Scientific institutions. In the USSR, research in physical chemistry is being conducted by the Academy of Sciences of the USSR at the Institute of Physical Chemistry, the N. S. Kurnakov Institute of General and Inorganic Chemistry, the Institute of Chemical Physics, the Institute of Electrochemistry, the Institute of Chemistry (Gorky), and the Institute of New Problems in Chemistry (Chernogolovka, Moscow Oblast).

Research is also carried out by the institutes of the Far East and the Ural scientific centers of the Academy of Sciences of the USSR and the institutes of the academy’s Kazan and Kola branches. Included here are the Institute of Chemistry (Vladivostok), the Institute of Electrochemistry (Sverdlovsk), and the A. E. Arbuzov Institute of Organic and Physical Chemistry (Kazan). The institutes of the Siberian Division of the Academy of Sciences of the USSR involved in research in physical chemistry include the Institute of Catalysis, the Institute of Chemical Kinetics and Combustion, and the Institute of Physicochemical Principles for the Processing of Inorganic Raw Materials.
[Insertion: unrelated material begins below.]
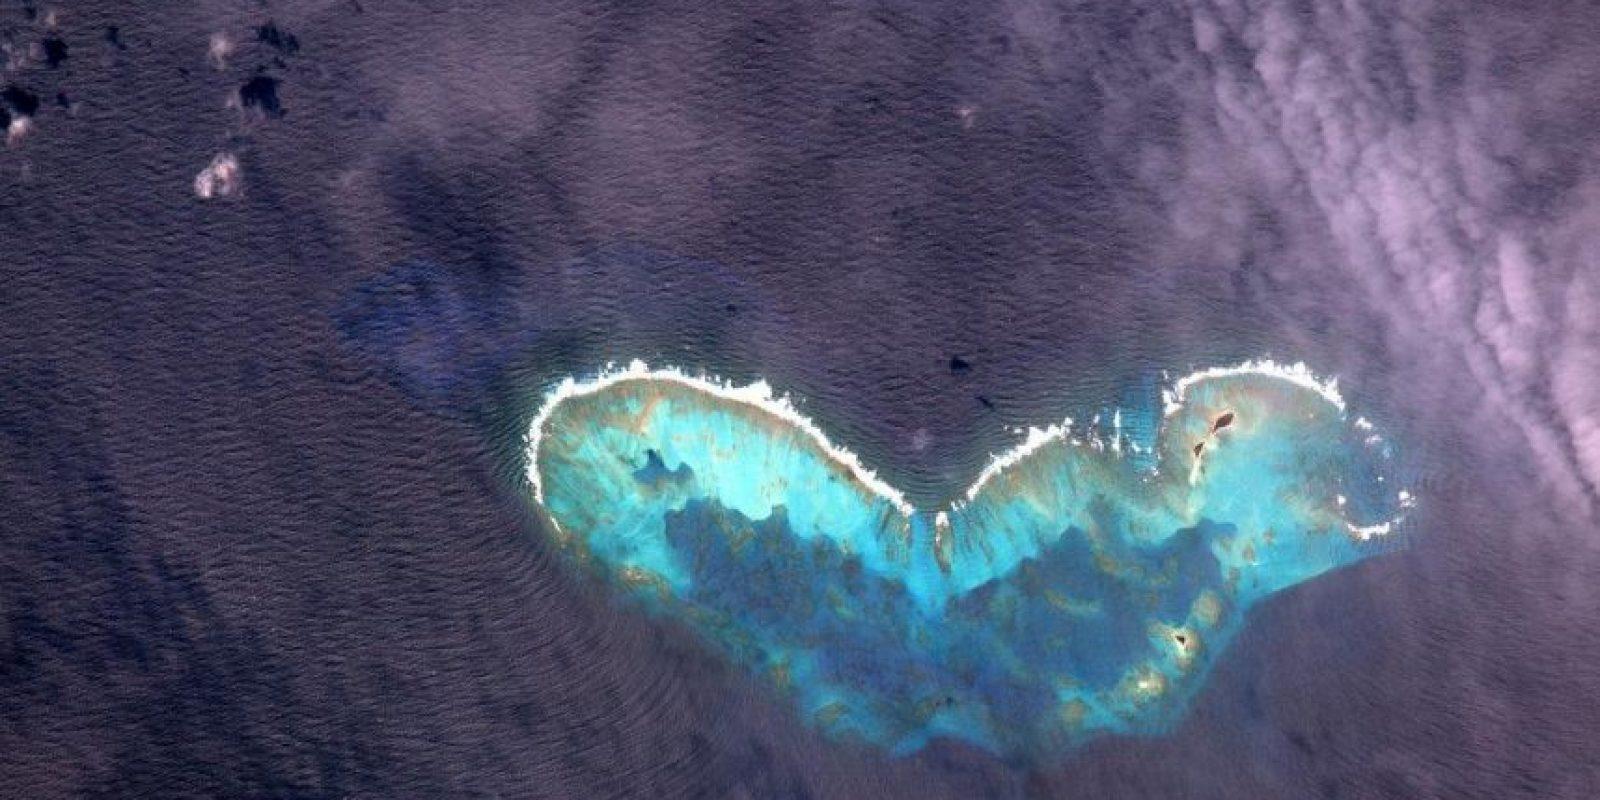 """Esta mariposa fue captada en el Golfo de México"". Foto:Facebook.com/pages/NASA-Astronaut-Scott-Kelly"

Research in physical chemistry is also being conducted in nearly all chemical institutes of the academies of sciences of the Union republics, as well as in more than 150 research institutes and institute branches linked to various sectors of the economy, for example, the L. la. Karpov Physical Chemistry Institute. Advanced research in physical chemistry is also being conducted at institutes and universities in other countries.

REFERENCES

Glasstone, S. Teoreticheskaia khimiia. Moscow, 1950. (Translated from English.)
Moelwyn-Hughes, E. A. Fizicheskaia khimiia, books 1–2. Moscow 1962. (Translated from English.)
Kurs fizicheskoi khimii, 2nd ed., vols. 1–2. Moscow, 1969–73.
Solov’ev, Iu. I. Ocherkipo istorii fizicheskoi khimii. Moscow, 1964.

physical chemistry

[′fiz·ə·kəl ′kem·ə·strē]
(chemistry)
The branch of chemistry that deals with the interpretation of chemical phenomena and properties in terms of the underlying physical processes, and with the development of techniques for their investigation.